In an official statement, MTA has asked Light Rail riders to tack on an additional 30 to 45 minutes to the commute for the delays while wheels are repaired.

If the extra thirty minutes puts you outside the bus stop at a new time, check your bus schedule to make sure you aren't waiting in the cold during a lull. Some lines have gaps in their arrival time (even buses that run every ten minutes).

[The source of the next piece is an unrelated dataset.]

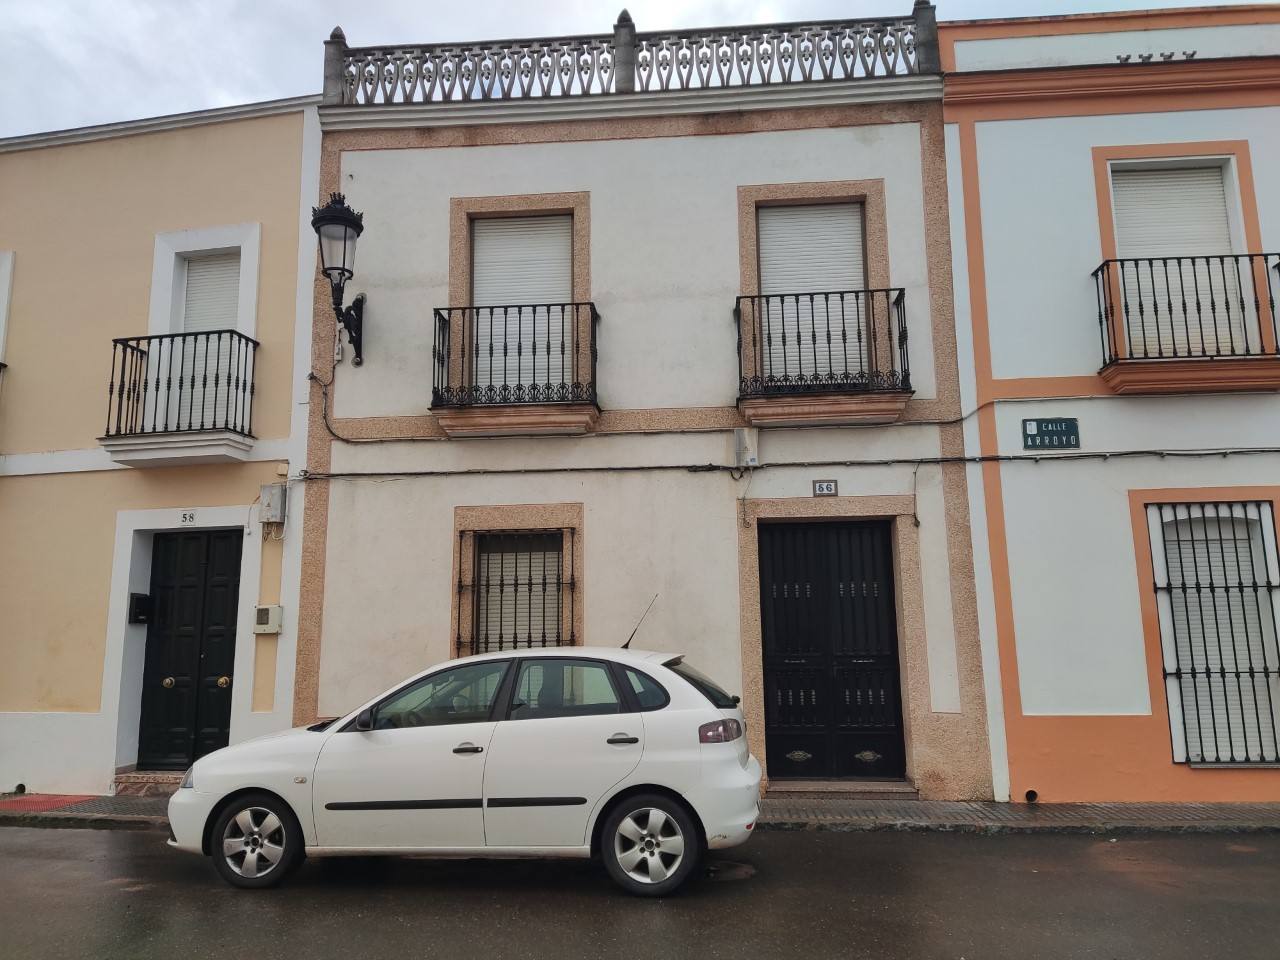 Casa de la calle Arroyo, número 56, adquirida por el Ayuntamiento para acceso con la calle Hernán Cortés./PF
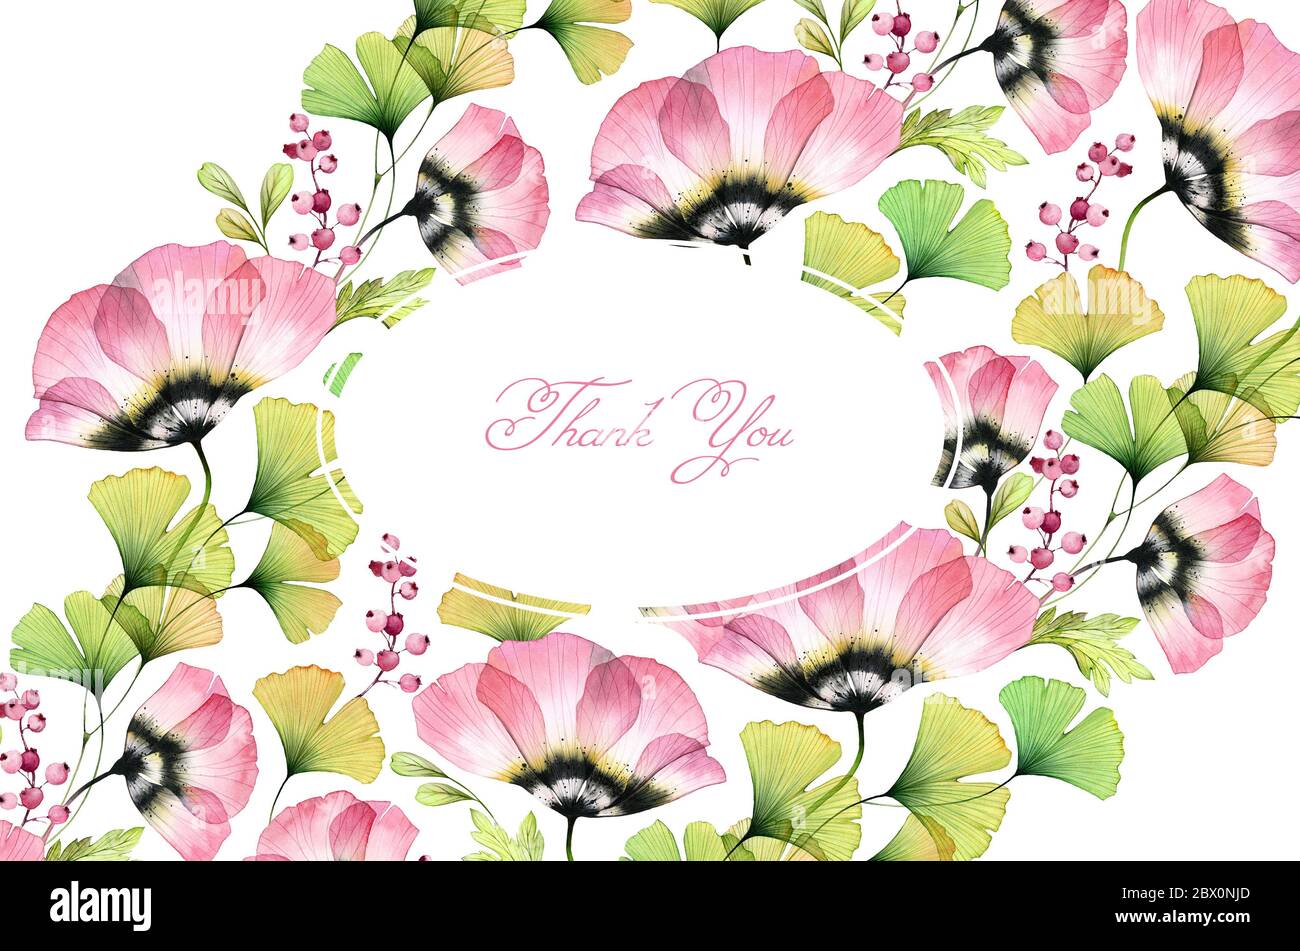 Aquarell floralen Hintergrund. Große Feldblumen, Tulpen, Gingko-Blätter. Horizontale Dankeskarte mit Platz für benutzerdefinierten Text Stockfoto

Everything north of North Avenue has been replaced by shuttle buses (or bridges). The trains will run as single cars (bikers may want to be especially aware of crowding) and trains will run from Penn to Camden. From The Baltimore Sun:
MTA has been unable to put enough trains in service because of heightened awareness of the wheel problems, a situation made worse by rails that are slick from falling leaves. Employees are working on interim and permanent solutions to the problem, but shuttle bus service will continue indefinitely until repairs can be made, said spokeswoman Jawauna Greene.
Indefinitely. Yikes!

Friday, November 14, 2008

And now for something a little positive

NYC the Blog has photos of the next MTA (New York) ads, via Gothamist. I really dig the first photo of the plotted points. I am salivating over the white, green, and black on the side of the car and am heavily leaning toward, "THIS IS ART IN ADVERTISING."

I know, I know, it's just a map, but isn't it beautiful?

...Especially compared to the blue MAPS.GOOGLE.COM train and the yellow AOL Instant Messenger people-like train (WTF). My opposition to the blue car is in spite of my love for clean design and the Helvetica typeface.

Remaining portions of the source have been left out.